120 km/h - taką prędkość udało się osiągnąć Jędrzejowi Dobrowolskiemu podczas dzisiejszego zjazdu z Kasprowego Wierchu. Narciarz swoim wyczynem oficjalnie zamknął sezon.
Rekordzista Polski w narciarstwie szybkim swój zjazd opisał jako "mały trening". Jędrzej Dobrowolski trzy razy zjechał nową trasą z Kasprowego Wierchu do Doliny Gąsienicowej. Okazało się jednak, że trasa jest zbyt krótka, a warunki nie są zbyt dobre, więc osiągnął prędkość jedynie 120 km/h. Tym samym nie udało mu się poprawić należącego od 35 lat do Jacka Niklińskiego rekordu Tatr (180,632 km/h).

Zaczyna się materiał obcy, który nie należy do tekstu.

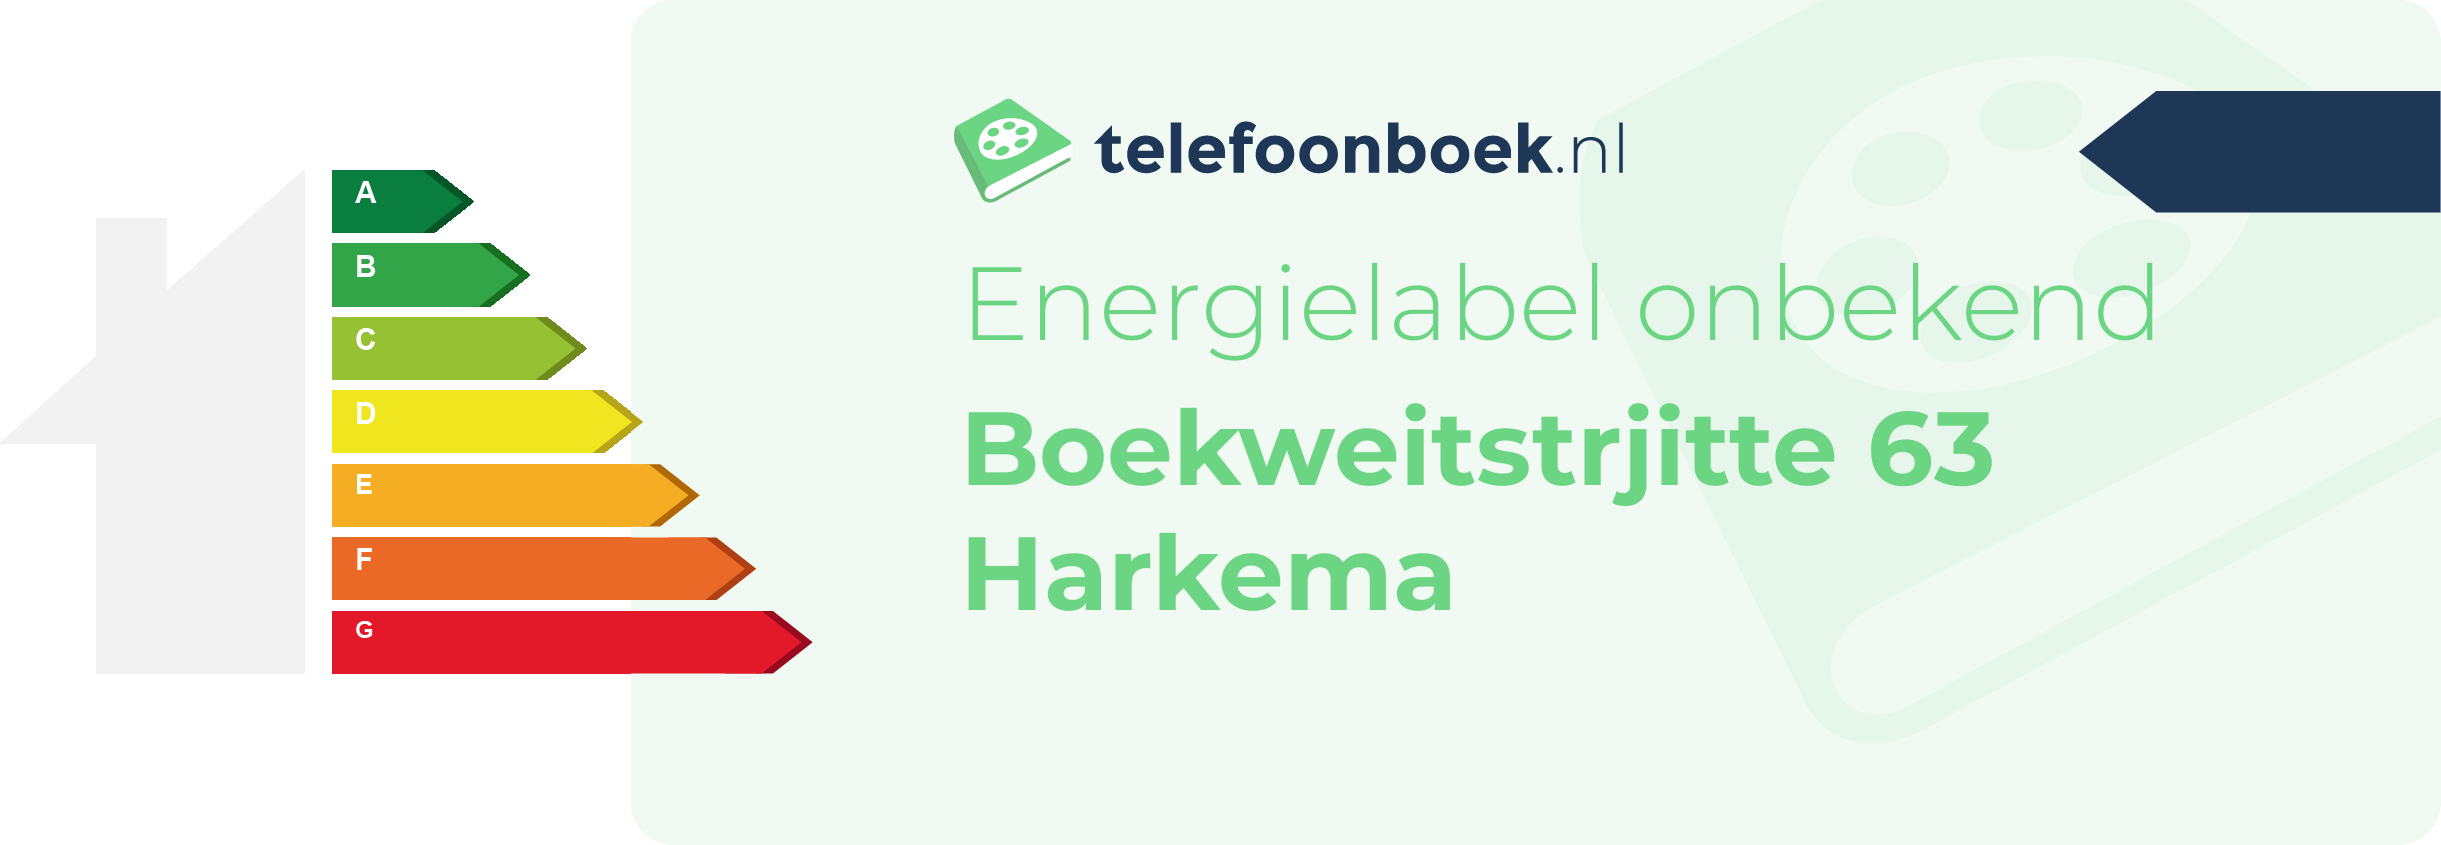 Energielabel Boekweitstrjitte 63 Harkema

W ubiegłym roku także pogoda (silna mgła) pokrzyżowała Dobrowolskiemu plany. Udało się wtedy przeprowadzić jedynie dwie próby w kotle Goryczkowym, podczas których Zakopiańczyk uzyskał 151,07 i 160,10 km/h i ostatecznie do pobicia rekordu Tatr zabrakło mu ponad 20 km/h.
Teraz Jędrzej Dobrowolski prowadzi trening z młodymi adeptami narciarstwa, którzy spróbują swoich sił w Speed Ski.
Organizatorem wydarzenia "Kasprowy Speed Ski" są Polskie Koleje Linowe.